I am currently in the process to update my package to allow using HuGene 
arrays as exon arrays, and I will inform you once I have uploaded the 
new version. Until then I must ask you to use the older *.r3.pgf file.

Best regards
Christian
_._._._._._._._._._._._._._._._._._
C.h.r.i.s.t.i.a.n   S.t.r.a.t.o.w.a
V.i.e.n.n.a           A.u.s.t.r.i.a
e.m.a.i.l:        cstrato at aon.at
_._._._._._._._._._._._._._._._._._


Tim Rayner wrote:
> Hi,
>
> I'm seeing what appears to be odd behaviour from the xps rma() method
> when trying to summarize a small test dataset from the
> HuGene-1_0-st-v1 array.

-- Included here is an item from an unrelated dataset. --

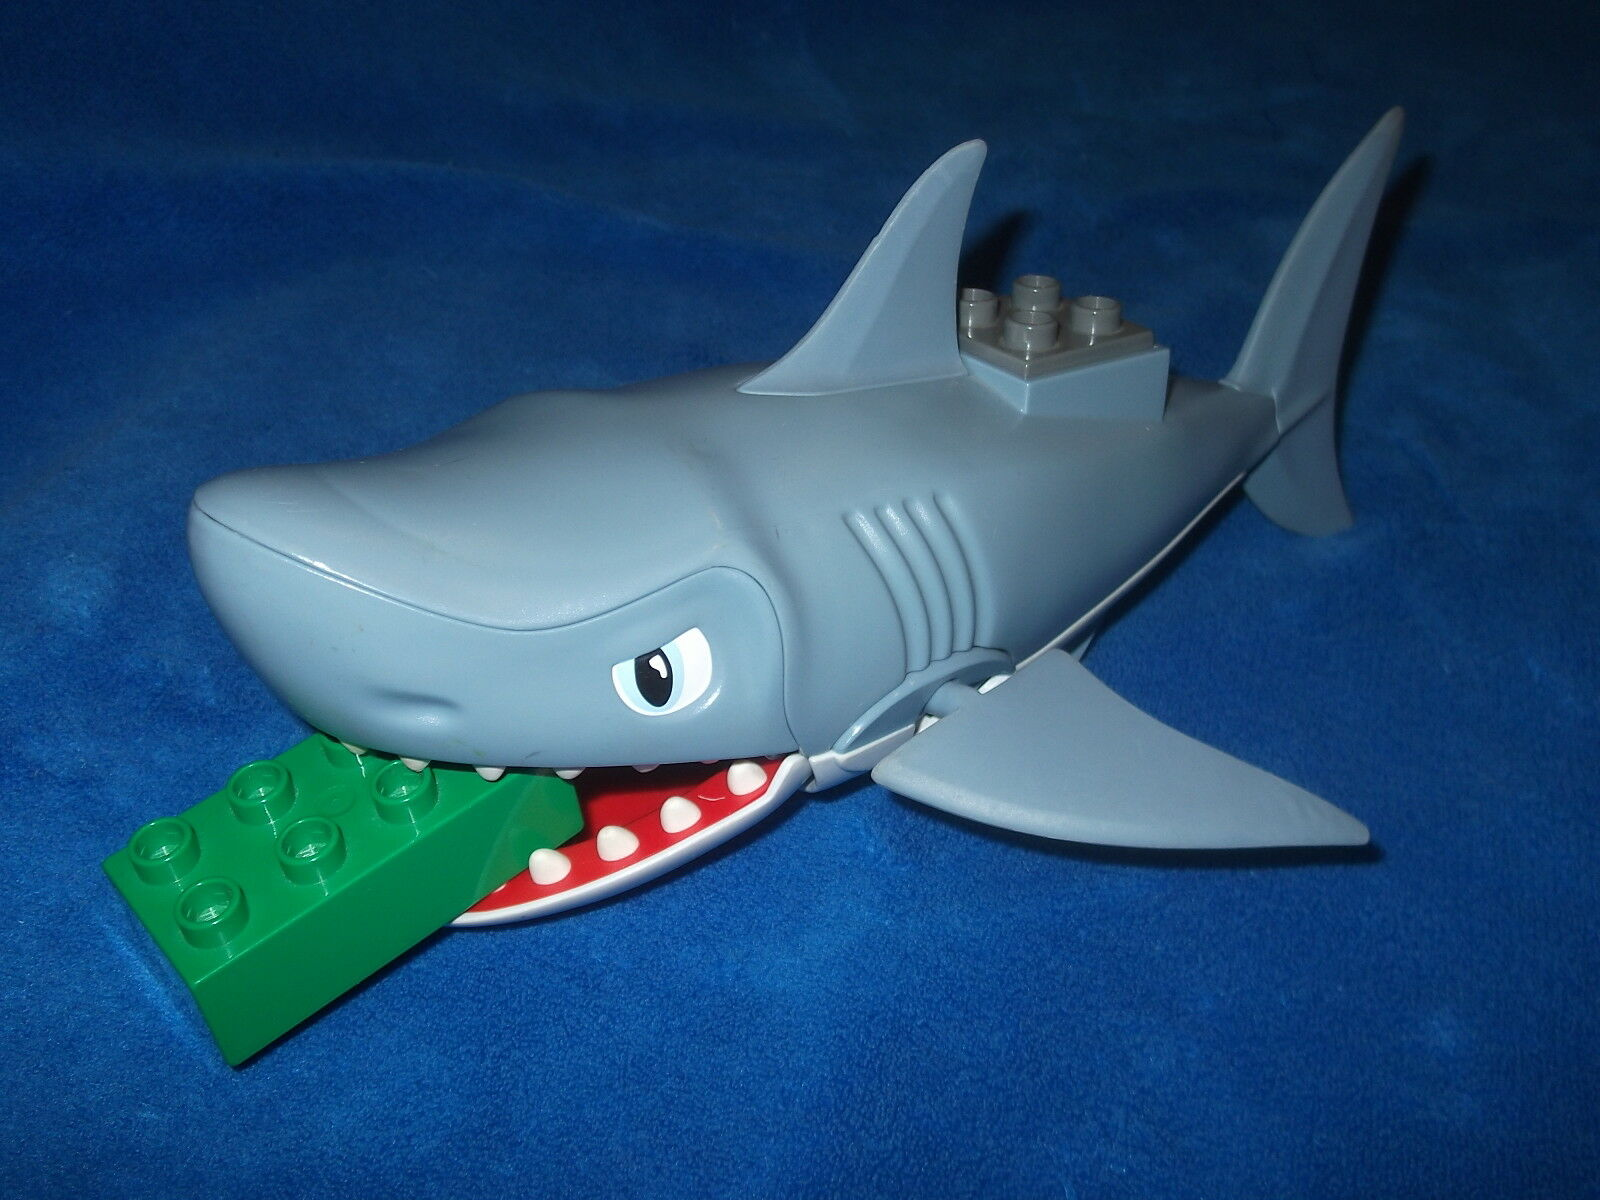 Lego Duplo pirates Ritterburg requin de 7882 Attaque de Requin Shark

The oddness is that whatever options I pass to
> rma(), I only ever get summary data for 57 probe sets back (obviously
> I'd expect rather more than that).
>
> I'm using 64-bit Mac OSX, and I believe I've installed everything
> correctly and imported the probe annotation from the latest chip
> library files on Affy's web site. I did have to compile ROOT from
> source to support the 64-bit architecture, but that went pretty
> smoothly. After some hours of poking through the xps code I'm a little
> suspicious about the probe masking, but not much wiser, I'm afraid.
>
> I should just briefly mention that I can run rma over the same data
> set by using the oligo package, so I think the data files are fine.
>
> Attached is a sample session, which I've just run from scratch to
> confirm the problem, and my sessionInfo. I'm wondering if anyone else
> has seen this, or if I've just made some fundamental error.
>
> Many thanks,
>
> Tim Rayner
>
>
>
> #############################################
> ## sessionInfo():
>
>   
>> sessionInfo()
>>     
> R version 2.8.1 Patched (2009-01-19 r47650)
> i386-apple-darwin9.6.0
>
> locale:
> en_GB.UTF-8/en_GB.UTF-8/C/C/en_GB.UTF-8/en_GB.UTF-8
>
> attached base packages:
> [1] tools     stats     graphics  grDevices utils     datasets  methods
> [8] base
>
> other attached packages:
> [1] Biobase_2.2.2 xps_1.2.5
>
> loaded via a namespace (and not attached):
> [1] tcltk_2.8.1
>
>
>
> ##############################################
> ## Session commands:
> library('xps')
> celdir=getwd()
> celfiles=list.files(pattern='.*.CEL')
> libdir <- '/Users/tfr23/Documents/resources/HuGene-1_0/'
> xps.scheme <- import.genome.scheme(filename='HuGene-1_0-st-v1-r4',
>                                    filedir=libdir,
>                                    layoutfile=paste(libdir,
>                                      'HuGene-1_0-st-v1.r4.clf',
>                                      sep=''),
>                                    schemefile=paste(libdir,
>                                      'HuGene-1_0-st-v1.r4.pgf',
>                                      sep=''),
>                                    transcript=paste(libdir,
>
> 'HuGene-1_0-st-v1.na27.hg18.transcript.csv',
>                                      sep=''),
>                                    verbose=TRUE)
>
> xps.cel<-import.data(xps.scheme, 'HuGeneCelData', celdir=celdir,
> celfiles=celfiles)
>
> xps.cel<-attachInten(xps.cel)
>
> xps.rma <- rma(xps.cel,
>                filename='HuGeneMixRMAMetacore',
>                exonlevel='metacore+affx',
>                background='antigenomic',
>                normalize=TRUE)
>
> ######################################
> ## Session output:
>
> Welcome to xps version 1.2.5
>     an R wrapper for XPS - eXpression Profiling System
>     (c) Copyright 2001-2009 by Christian Stratowa
>
> Creating new file
> </Users/tfr23/Documents/resources/HuGene-1_0/HuGene-1_0-st-v1-r4.root>...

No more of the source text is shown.